**Data segment:**
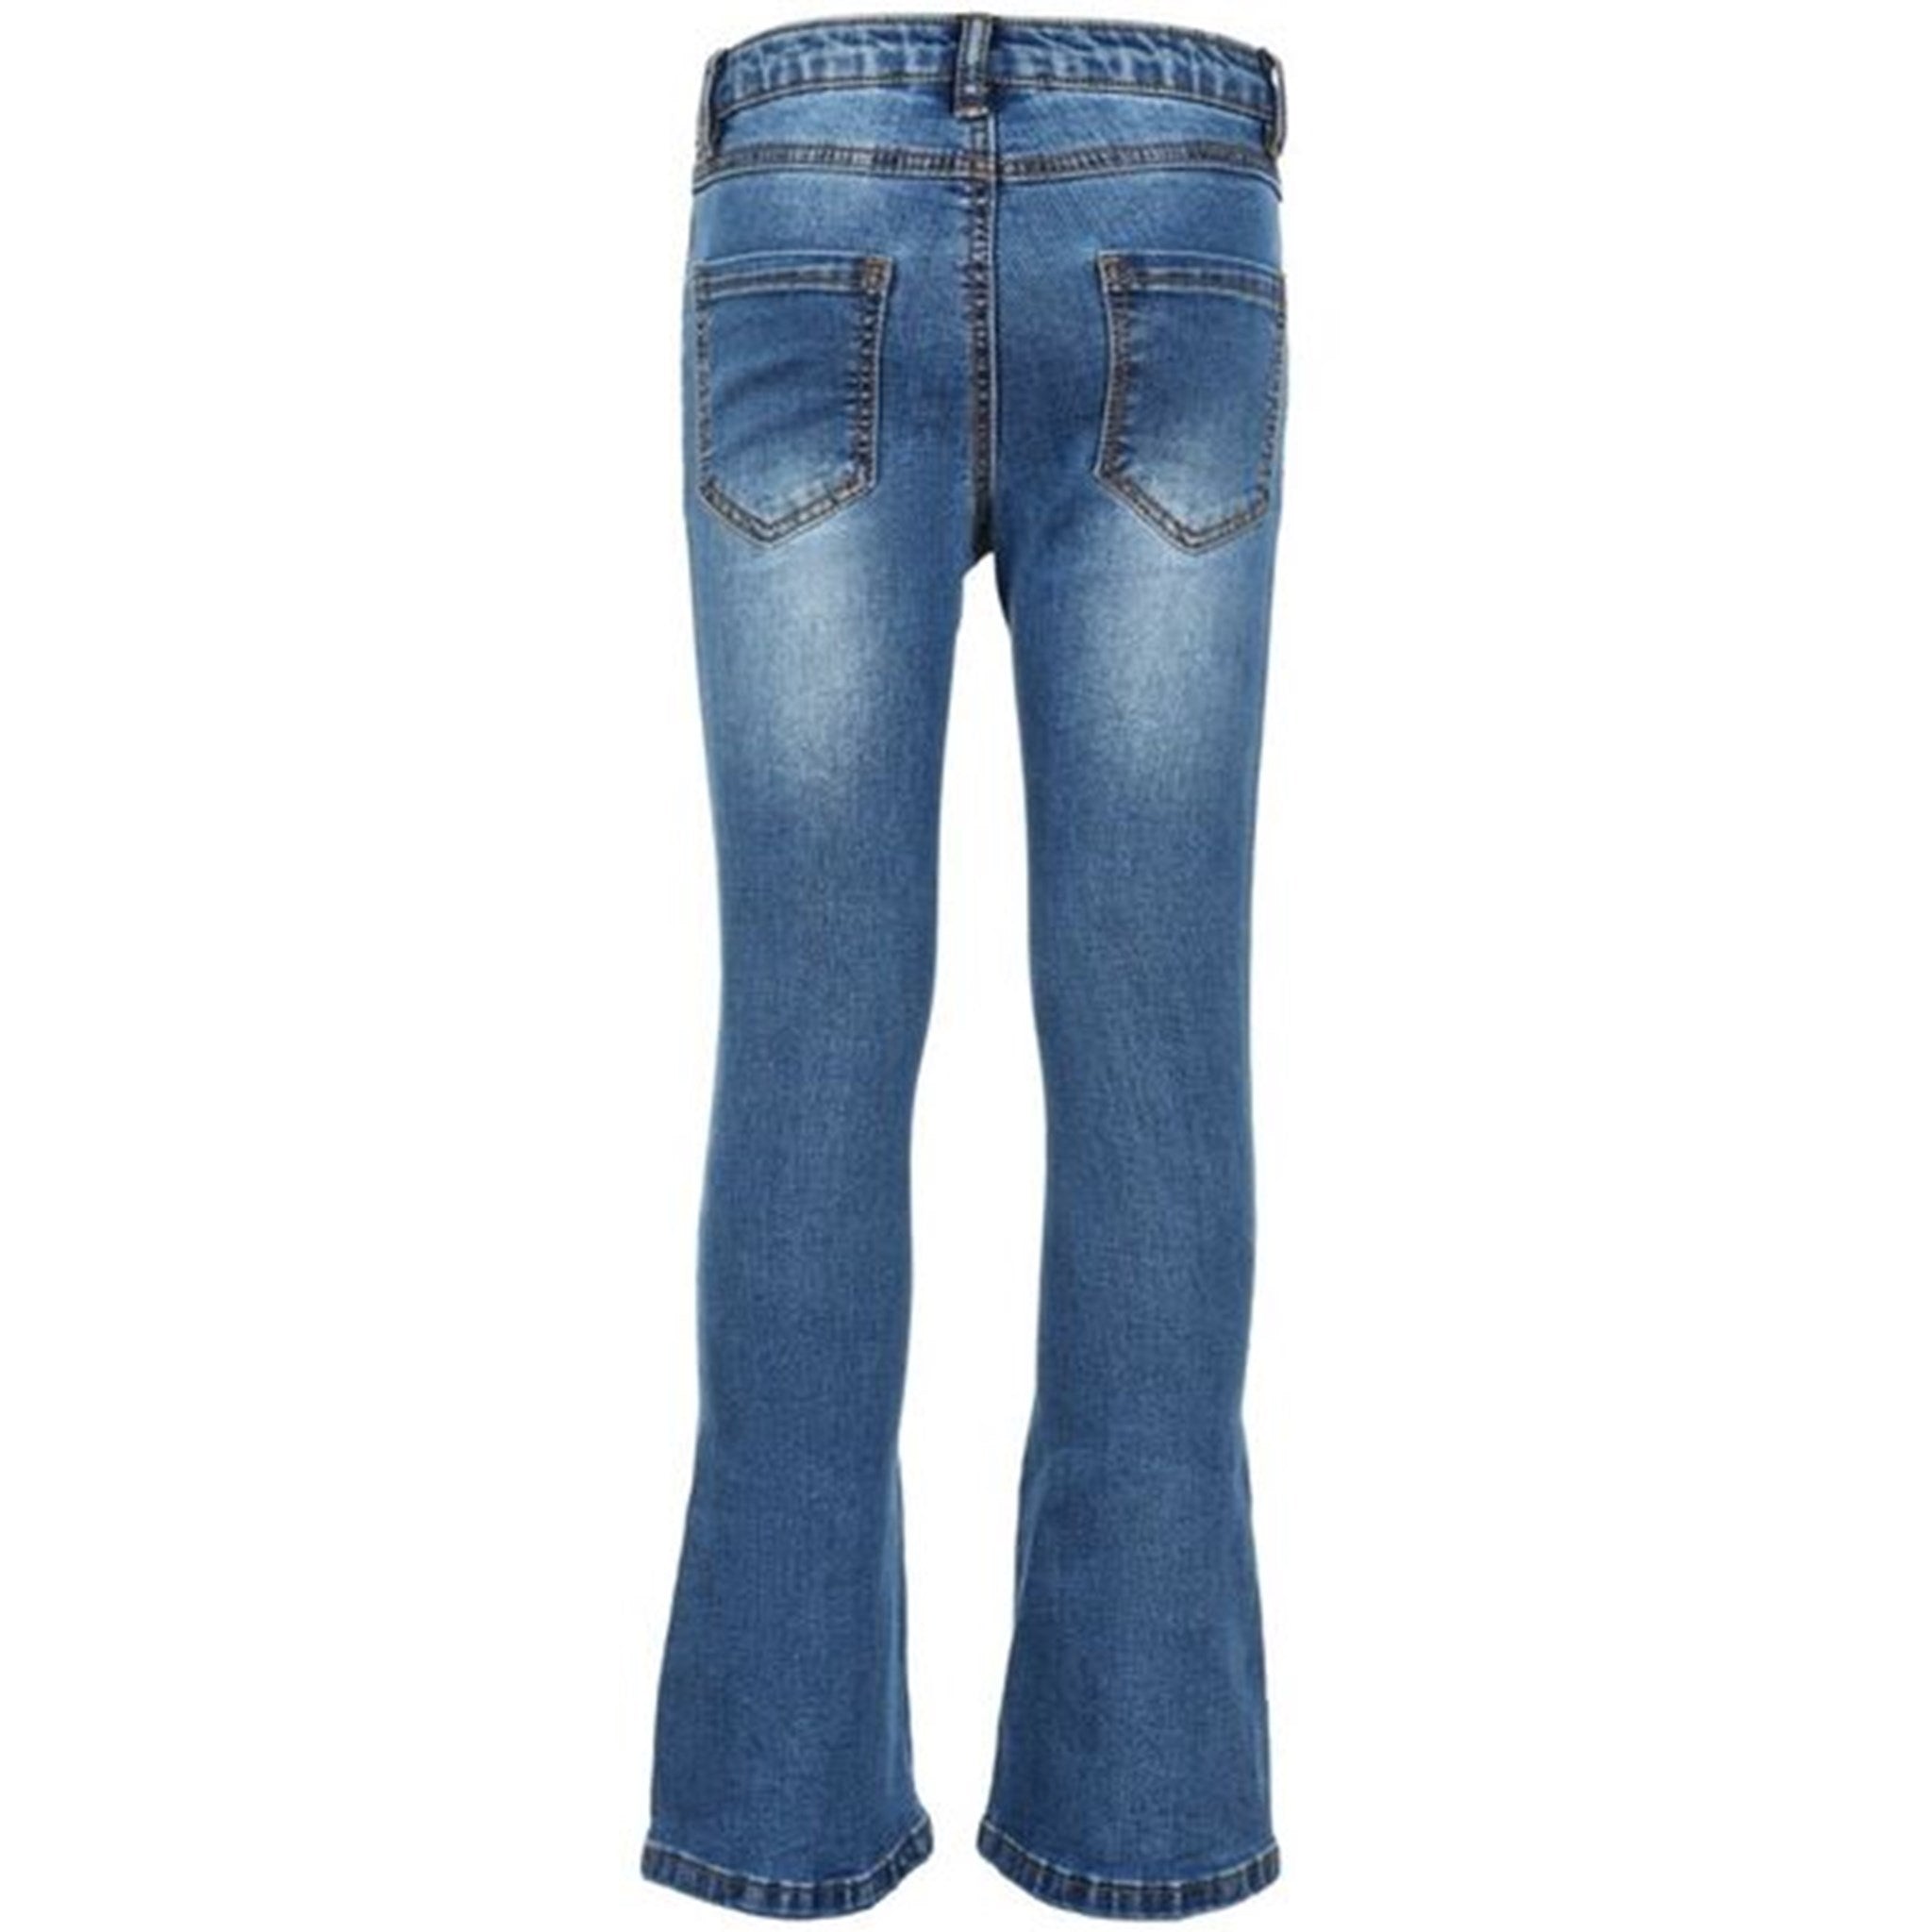 The New Flared Jeans Blue Denim 2
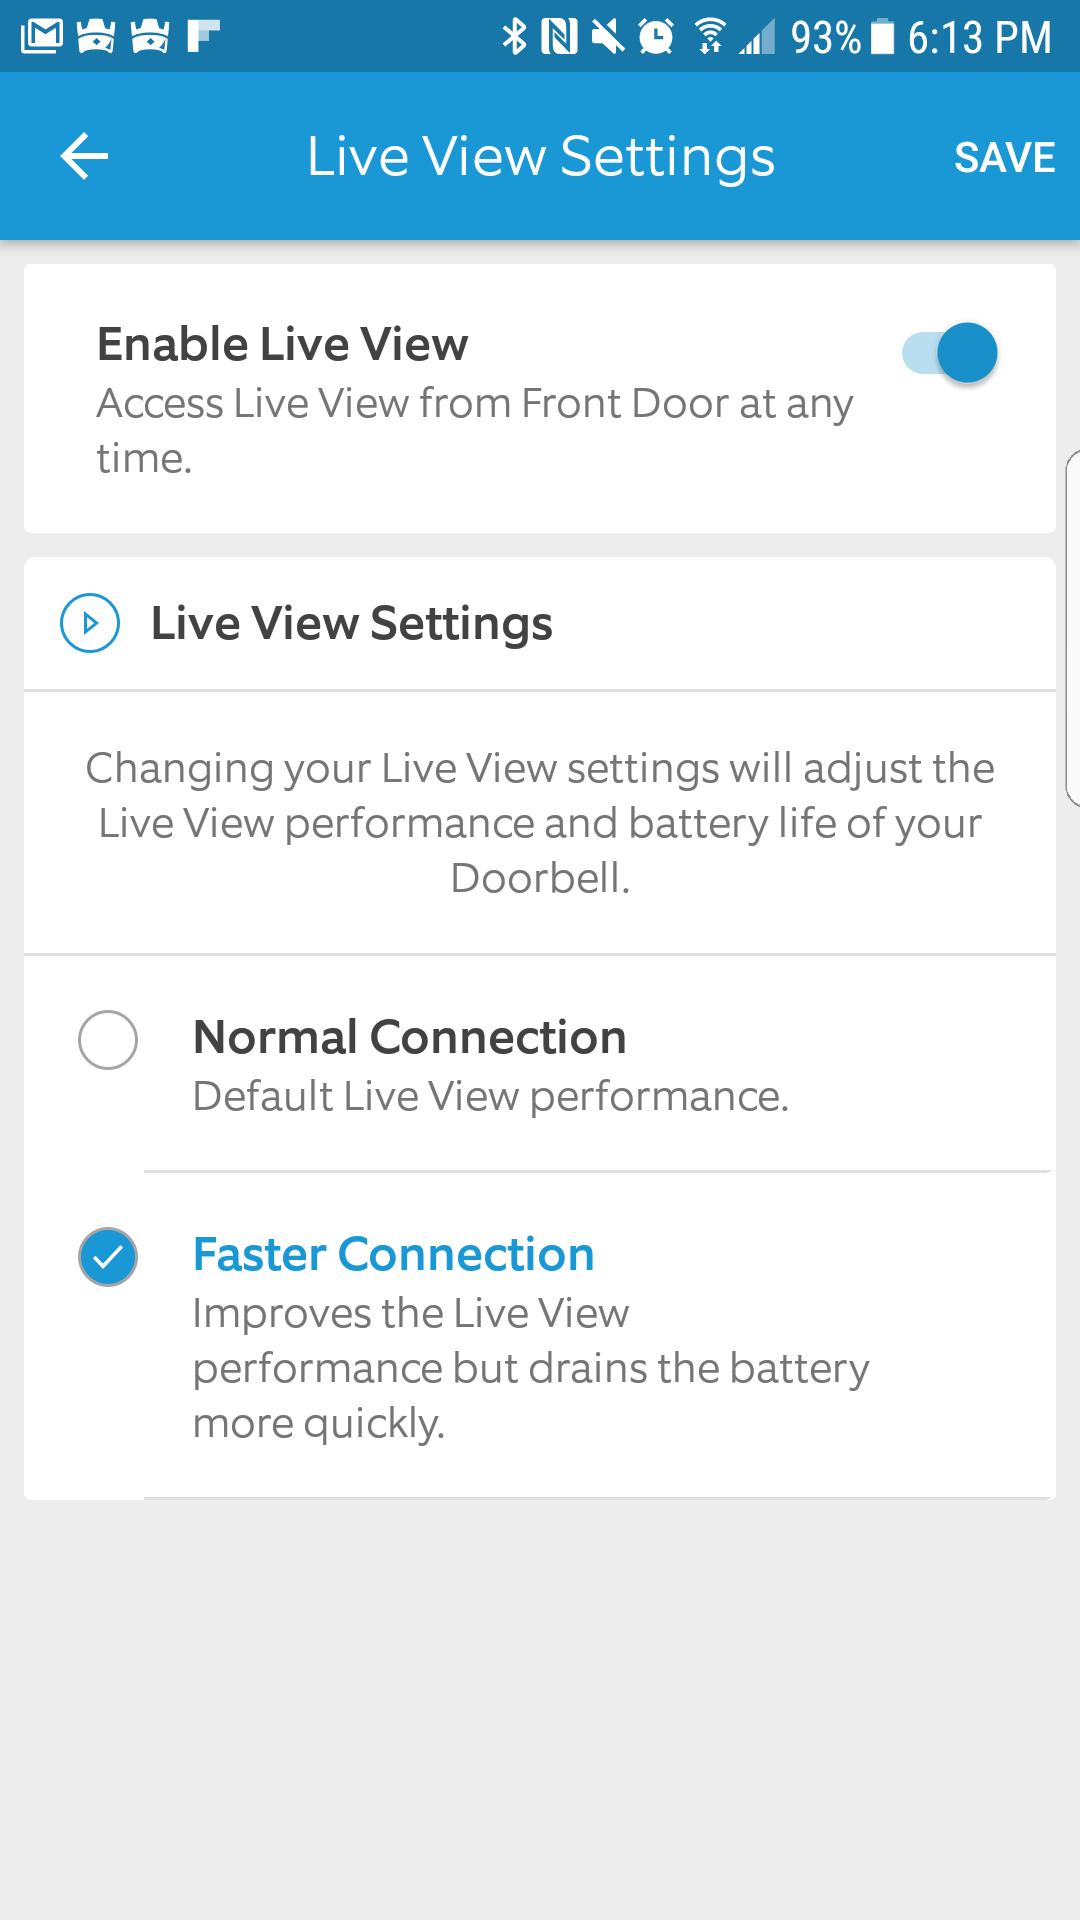 The Live View Settings are important. Make sure and try both settings and see which performs best on your network.
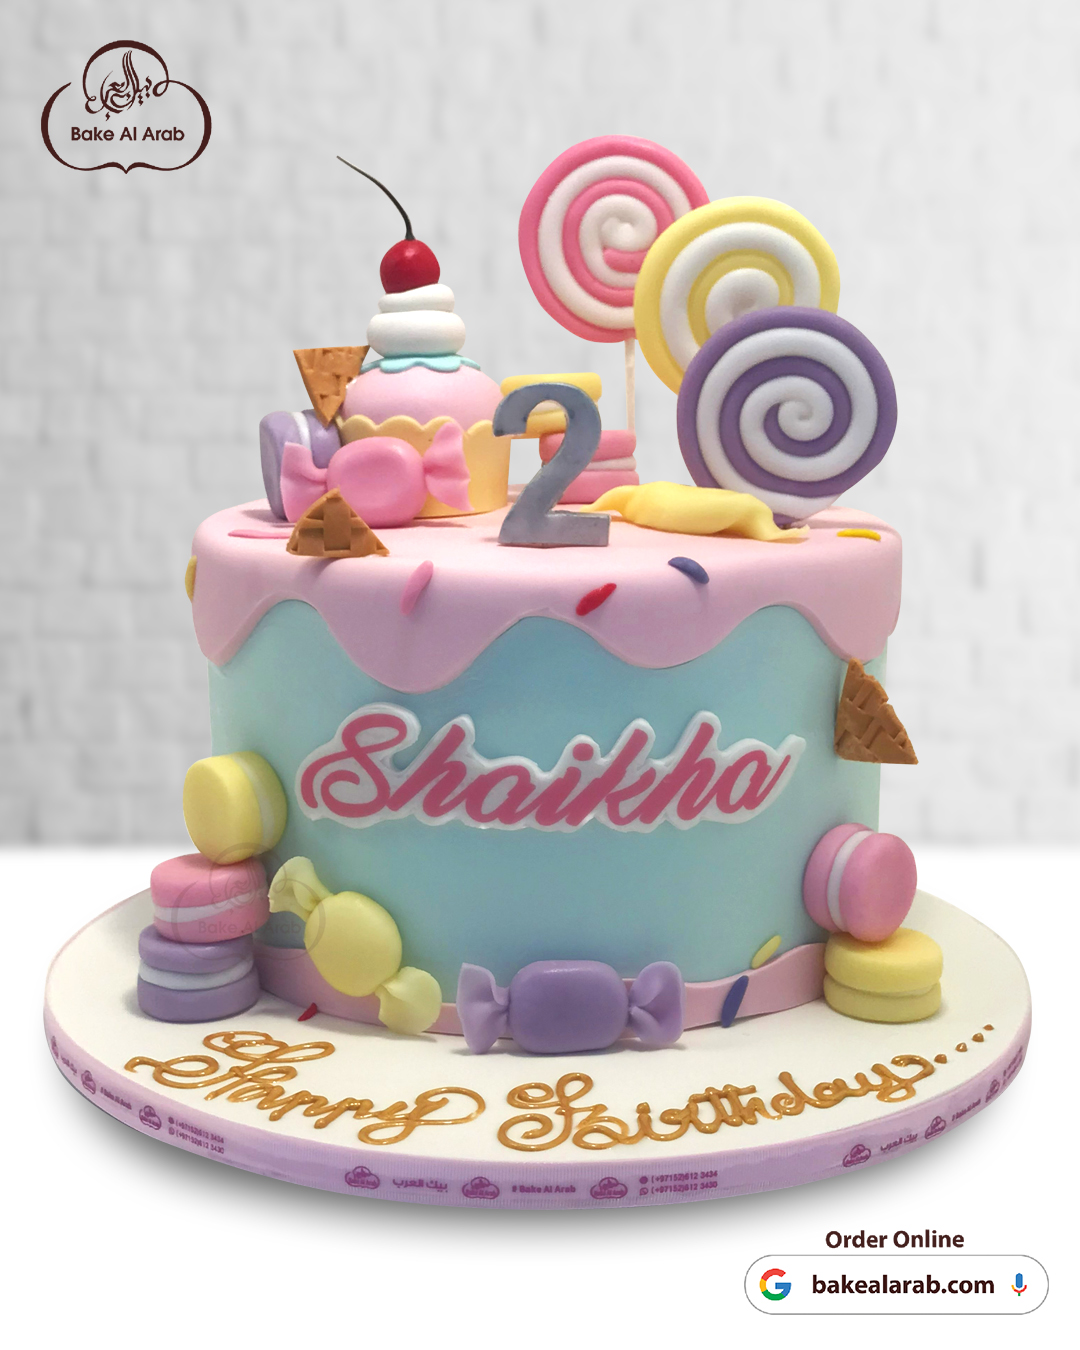 Best Collection of Customized Cakes in UAE

**Problem to work on:**
None of the pictures should be reproduced; all other material above must be set down exactly.

**Finished task:**
 The New Flared Jeans Blue Denim 2
 The Live View Settings are important. Make sure and try both settings and see which performs best on your network.
 Best Collection of Customized Cakes in UAE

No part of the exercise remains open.